Procès des « structures négrières » : dirigeants de Wust acquittés.
Les prévenus étaient soupçonnés d’avoir participé à un système frauduleux dans le but d’éluder les cotisations sociales dans le secteur de la construction, impliquant une quinzaine de sociétés entre 2016 et 2020. Le tribunal correctionnel a écarté vis-à-vis de l’entreprise Wust et de ses dirigeants les préventions d’organisation criminelle et d’utilisation illégale de travailleurs, tandis que d’autres personnes poursuivies ont été condamnées à des peines allant de 1 à 3 ans de prison avec sursis et à des amendes de 8000 à 16.000 euros.

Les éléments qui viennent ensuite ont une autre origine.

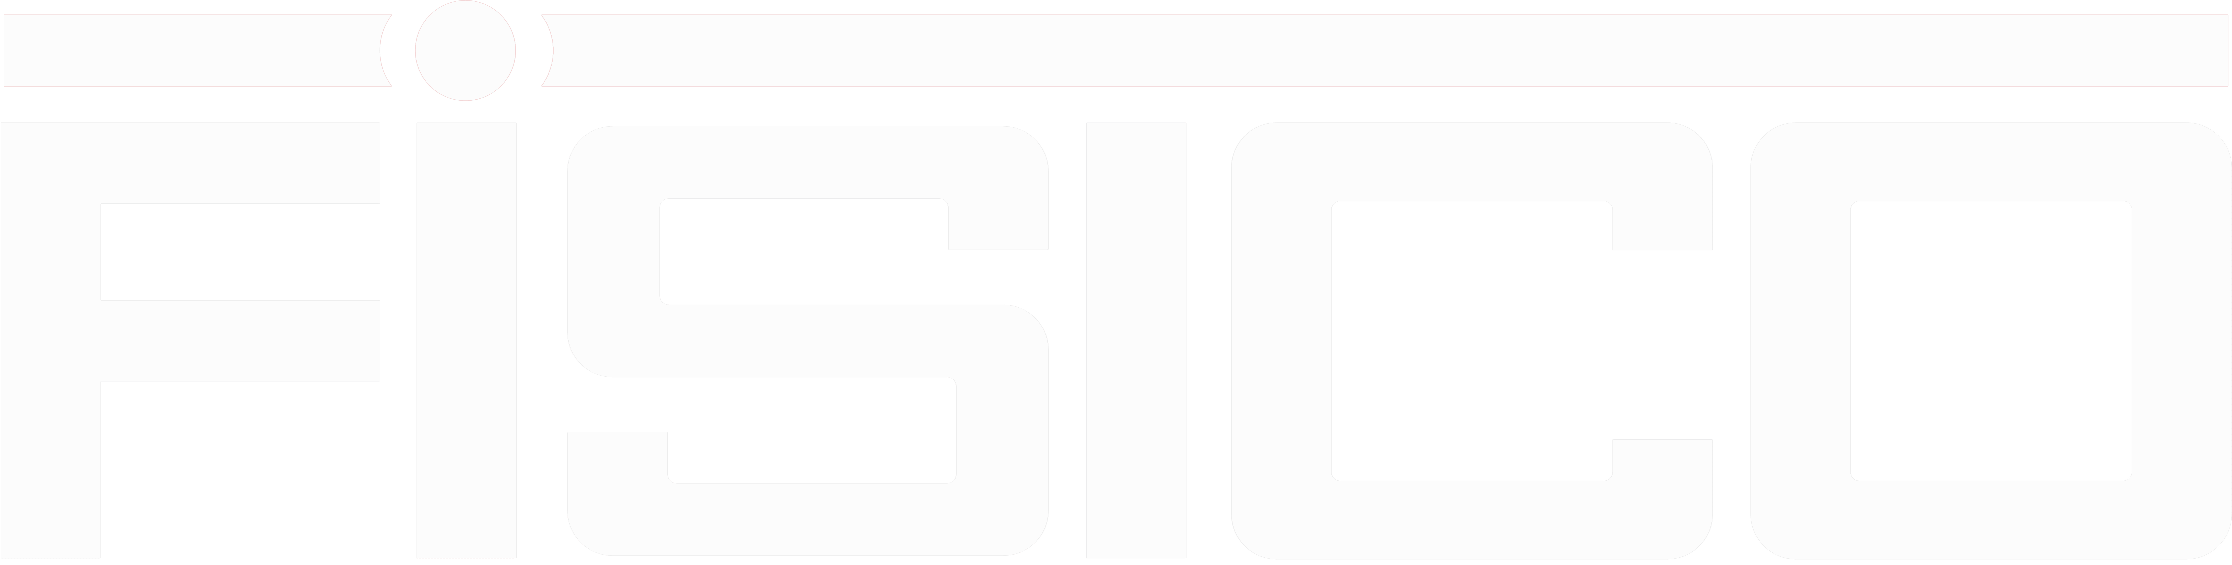 Fistco Logo

Les prévenus étaient accusés d’avoir participé à un système frauduleux visant à éviter les cotisations sociales dans le secteur de la construction. Le mécanisme s’appuie sur ce que la justice désigne comme des « structures négrières ». Une quinzaine de sociétés auraient été concernées entre 2016 et 2020.
Dans son réquisitoire, le parquet fédéral avait décrit une « structure négrière » basée sur un agencement hiérarchique entre trois types d’entreprises : des réservoirs de main-d’œuvre, des pourvoyeuses de main-d’œuvre et une entreprise générale. L’entreprise Wust était accusée d’être à l’origine de cette organisation criminelle, lui permettant d’employer illégalement des travailleurs par le biais de sociétés écrans. Selon le parquet fédéral, certains dirigeants de la société exerçaient ainsi une autorité sur des travailleurs déclarés dans d’autres entreprises. Le parquet avait requis une peine de 5 ans de prison.
Ce lundi, le tribunal correctionnel n’a donc pas suivi la position du parquet fédéral. Il a ainsi écarté pour l’entreprise liégeoise, filiale de Besix, et ses dirigeants, les accusations d’organisation criminelle et d’utilisation illégale de travailleurs.
En revanche, d’autres personnes mises en cause, travaillant dans des sociétés sous-traitées par Wust, ont été condamnées. Les peines vont de 1 à 3 ans de prison avec sursis et des amendes de 8 000 à 16 000 euros.